01-14-2017 06:53 PM
CREATE TABLE LIBXYZ.DEVELOPMENT_SAMPLE_03
T1.FLAG AS BIN_TARGET , /* BINARY TARGET */
T1.DELPHI_ADDRESS_LINK_NDLNK01_ADDR AS VAR_0001 ,
T1.DELPHI_APACCS_CCDATASUPPLIED_APA AS VAR_0002 ,
T1.DELPHI_CAIS_E1B03_WORST_STATUS_L AS VAR_0003 ,
T1.DELPHI_CAIS_E1B05_WORST_STATUS_L AS VAR_0004 ,
T1.DELPHI_CAIS_E1B07_WORST_STATUS_L AS VAR_0005 ,
T1.SPB113 AS VAR_0267
FROM LIBXYZ.DEVELOPMENT_SAMPLE_02 T1
ORDER BY T1.CONTRACTNO;
The renaming technique in the above SQL code is very manual and time-consuming as well as being "hard-coded" and therefore difficult to make consistent changes
I have a data set containing several hundred variables with very long names ( lots with names greater than 32 characters and in some cases the first 32 characters are identical across distinct variables )
I would like to rename all these variables : Var_Long_Name_01 to Var_0001 as indicated in the SQL Code above.
Is there some simple way in which I can do this without having to type in the new name for each of the several hundred variables?
The solution can involve base SAS, SQL or even Excel !!
Thanks for your help
01-14-2017 07:43 PM
How are you deciding order on the variables?
You can fudge this, since it's likely a one time solution, use either proc contents OR dictionary.columns table to get all column names. Paste into Excel, in a single column. Use the autofill to generate the names in the column beside it. Then use concatenate function in Excel to generate the string:
CONCATENATE(A2, " AS ", B2, ",")
Then, copy and paste that into your code editor.
Because you have several hundred variables you can also use a code solution but it's a touch more tedious since you'll run out of space for a single macro variable so you'll have to create multiple macro variables. If there's ANY chance of needing to repeat this, I'd probably code a solution. I've used the above method in a pinch, for quick ad hocs.
01-14-2017 08:05 PM
You also most likely will have to use SQL Pass Thru at some point, because if the table has more than 32 chars you won't be able to access it in SAS. Here's an idea of how that process will work, if it was all in SAS...not sure how to deal with vars longer than 32 chars.

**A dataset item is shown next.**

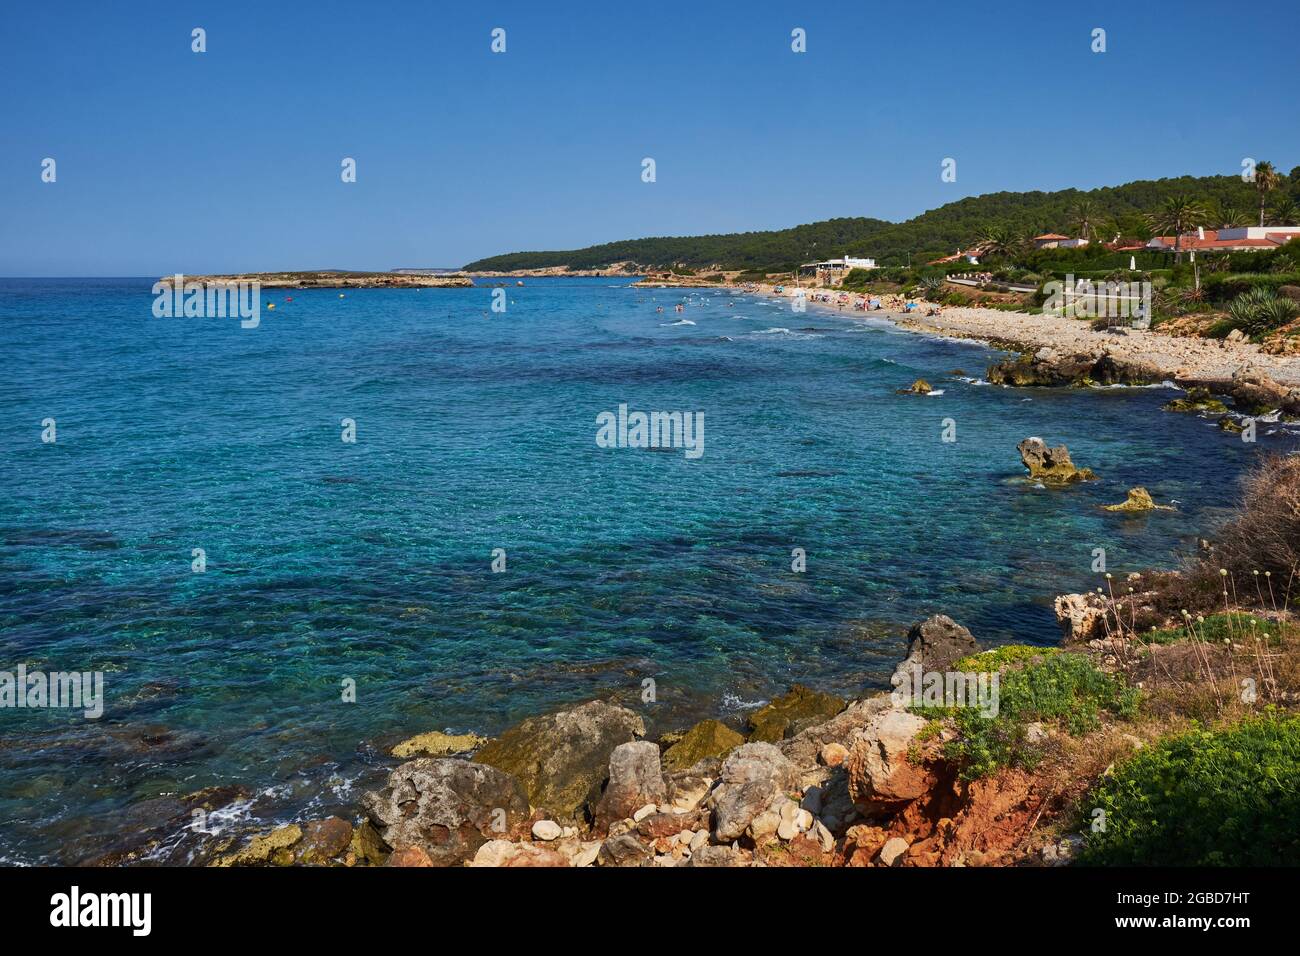 View of Sant Tomas beach on the island of Menorca in the Balearic Islands. Spain  Stock Photo
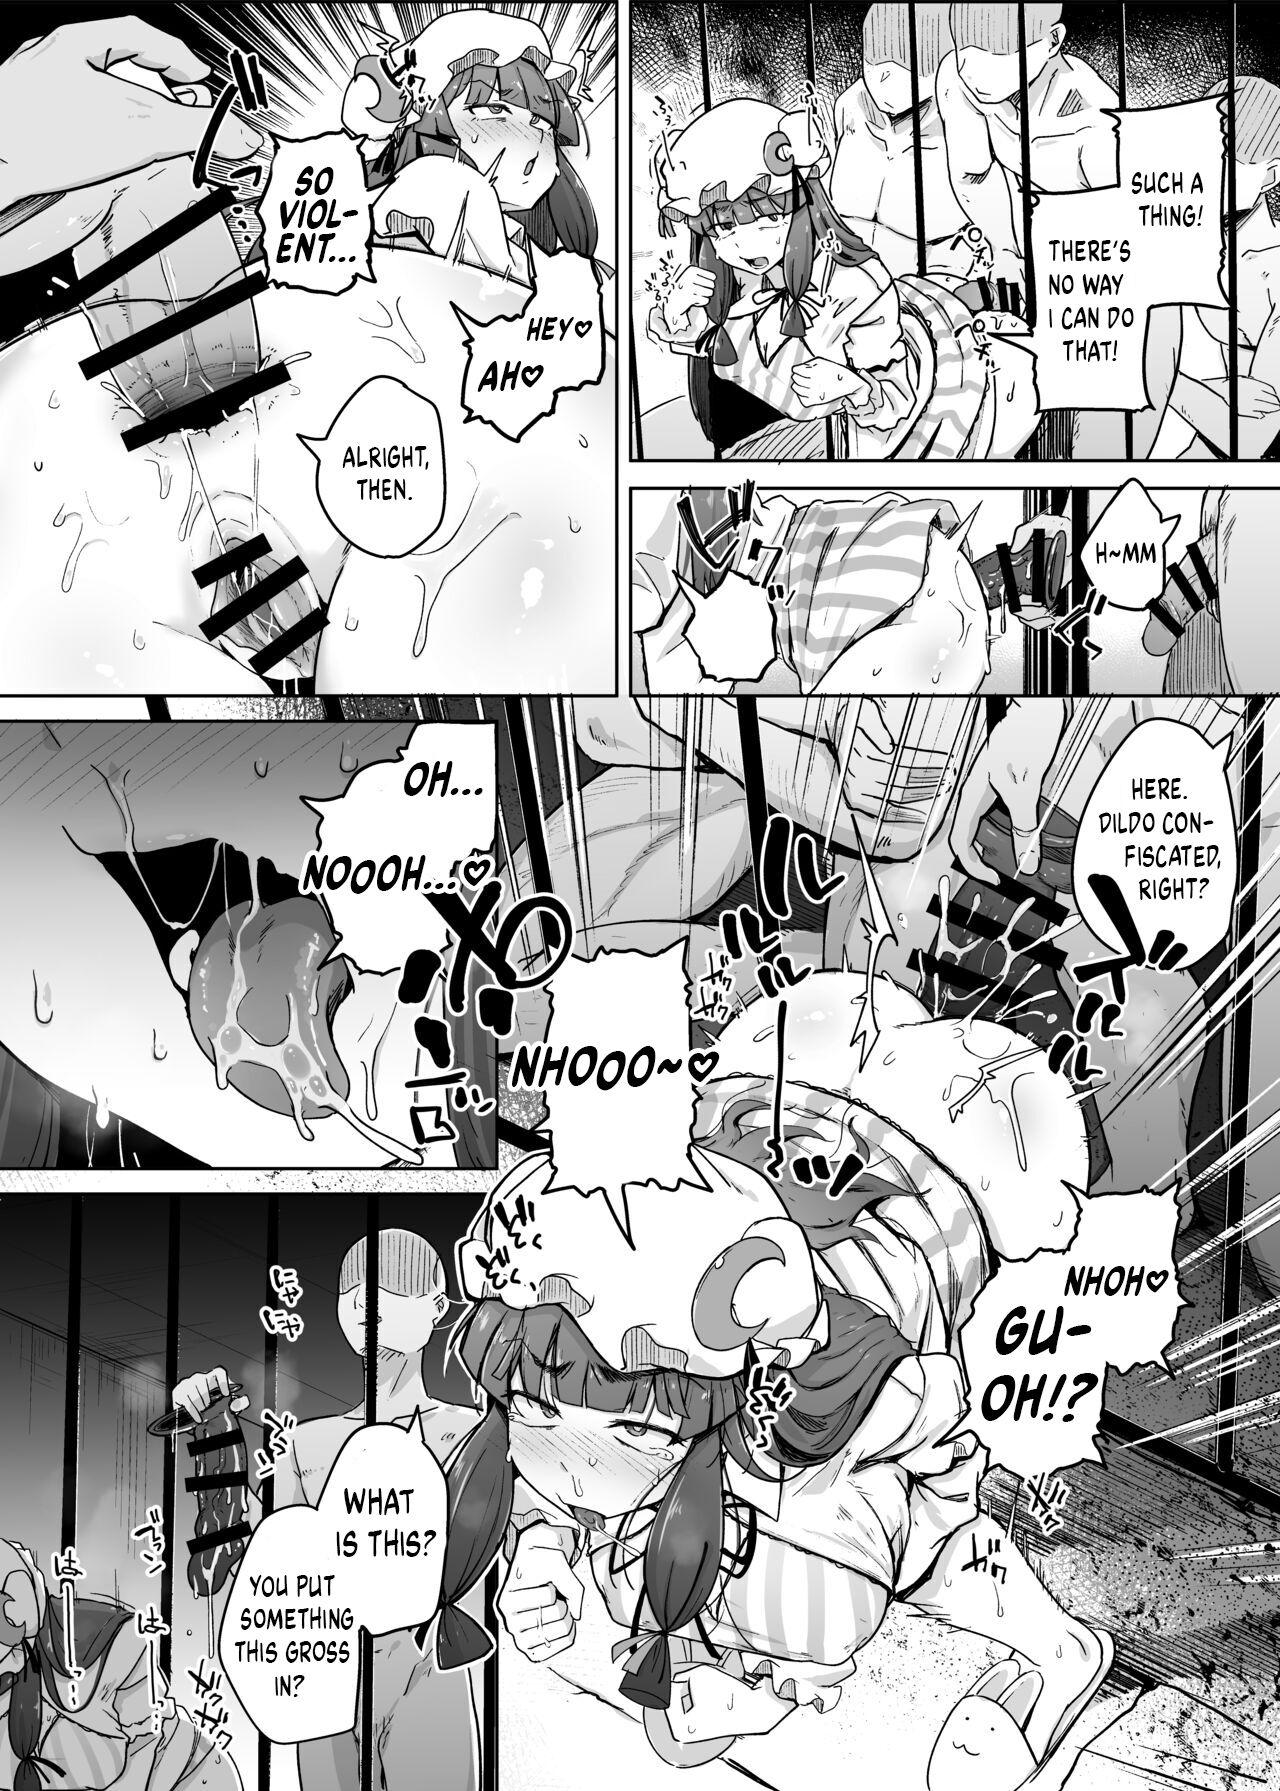 Nylon Ana to Muttsuri Dosukebe Daitoshokan 5 | The Hole and the Closet Perverted Unmoving Great Library 5 - Touhou project Porno Amateur - Page 10

data class; set sashelp.class; run; /*Create macro variables*/ data _null_; set sashelp.vcolumn (keep=name varnum libname memname where=(%upcase(libname)="WORK" and %upcase(memname)="CLASS")) end=eof; string=catx (" as ", name, catt("VAR_", put(varnum, z5.))); if not eof then call symputx(catt("VAR_", put(varnum, 8. -l)), trim(string)||",", 'g'); else do; call symputx(catt("VAR_", put(varnum, 8. -l)), string, 'g'); call symputx('nvars', _n_, 'g'); end; run; /*Macro to display macro variables*/ %macro rename(); %do i=1 %to &nvars; &&&var_&i %end; %mend; *Rename process; proc sql ; create table want as select %rename() from class; quit;
01-15-2017 01:05 AM
You may combine @Reeza's code with next code:
select 1 as var01,
2 as var02,
3 as var03
and if possible, if you use excel as mid file that contains variable sequence and variable names
then I suggest to put the original name as a label to the sas variable name.
01-15-2017 06:50 AM
Thanks for your input
The context or potential application scenarios are as follows:
1. Building an Credit Risk Management Application Scorecard Model that is based on both Internal and External Predictor Variables.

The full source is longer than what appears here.